Klare Kante im letzten Kapitel: Ein Kommentar von Stephan Juch

Wer in etwas abgelegenen Schwarzwalddörfern lebt, sieht sich oft dem Vorurteil ausgesetzt, hinterwäldlerisch zu sein. Das ist natürlich Quatsch. Trotzdem gibt es immer wieder Geschichten, die derlei Vorurteile füttern. Als eine solche könnte man die acht Jahre Amtszeit von Katrin Buhrke in Forbach auch bezeichnen. Sie ist mit ihrem phänomenalen Wahlsieg am 16. März 2014 zur ersten Rathauschefin des Landkreises Rastatt auch in dessen Geschichte eingegangen. Aber schon die ersten Kapitel, die sie als Bürgermeisterin von Forbach zu schreiben hatte, waren von negativen Begleitumständen durchzogen.
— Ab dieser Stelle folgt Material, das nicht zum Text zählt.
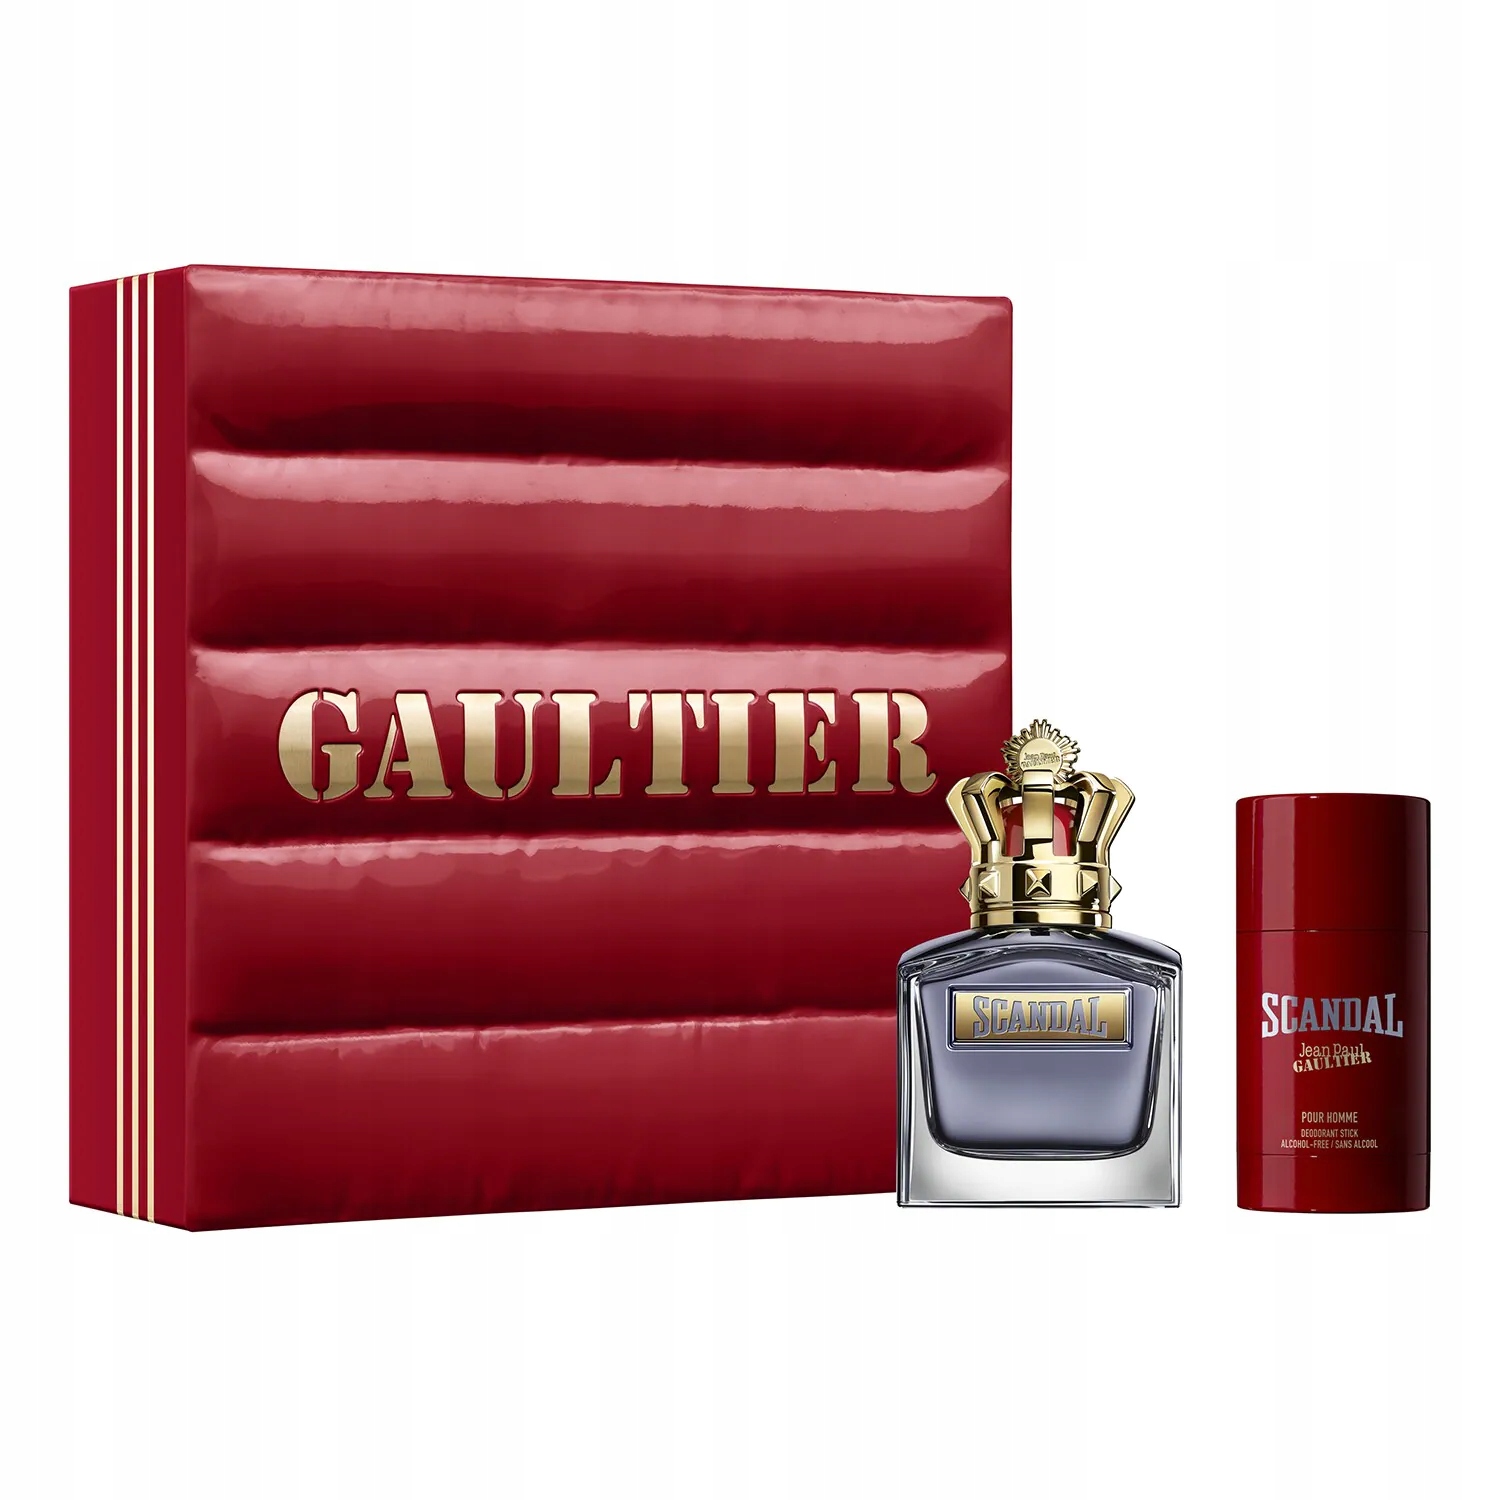 Scandal pour homme. Jean Paul Gaultier scandal pour homme 100 мл. Jean Paul Gaultier scandal pour homme. Jean Paul Gaultier scandal le Parfum her.

Dass sie Amtsinhaber Kuno Kußmann krachend aus dem Rathaus vertrieb, gönnten ihr viele nicht. Im Dorf machten schnell die abstrusesten Gerüchte um die attraktive Rechtsanwältin aus Heidelberg die Runde. Auch im Gemeinderat, insbesondere aus den Reihen von CDU und Freien Wählern, gab es von Anfang an Gegenwind. Das schwierige kommunalpolitische Umfeld konnte Buhrke in ihrer Amtszeit nie vollends auf ihre Seite ziehen. Das mag auch an den finanziellen Rahmenbedingungen gelegen haben, die in Forbach kaum Gestaltungsspielraum lassen für Akzente jenseits der Pflichtaufgaben. Ganz unschuldig ist die Juristin daran aber nicht. Ihr fehlt das Politiker-Gen, das gewisse Streben nach Aufmerksamkeit für das, was man tut. Öffentlichkeitsarbeit aber ist im Forbacher Rathaus unter Buhrke quasi ein Fremdwort. Das hat ihr geschadet. Und auch jetzt, da der Abschied feststeht, bleibt eine Erklärung zunächst aus. Die Bürger haben aber ein Recht darauf. Das letzte Kapitel ihrer Amtszeit müsste eine schonungslose Analyse sein, in der Buhrke unter anderem klar benennt, warum sie nicht weiter macht – auch wenn das manchem wehtun könnte.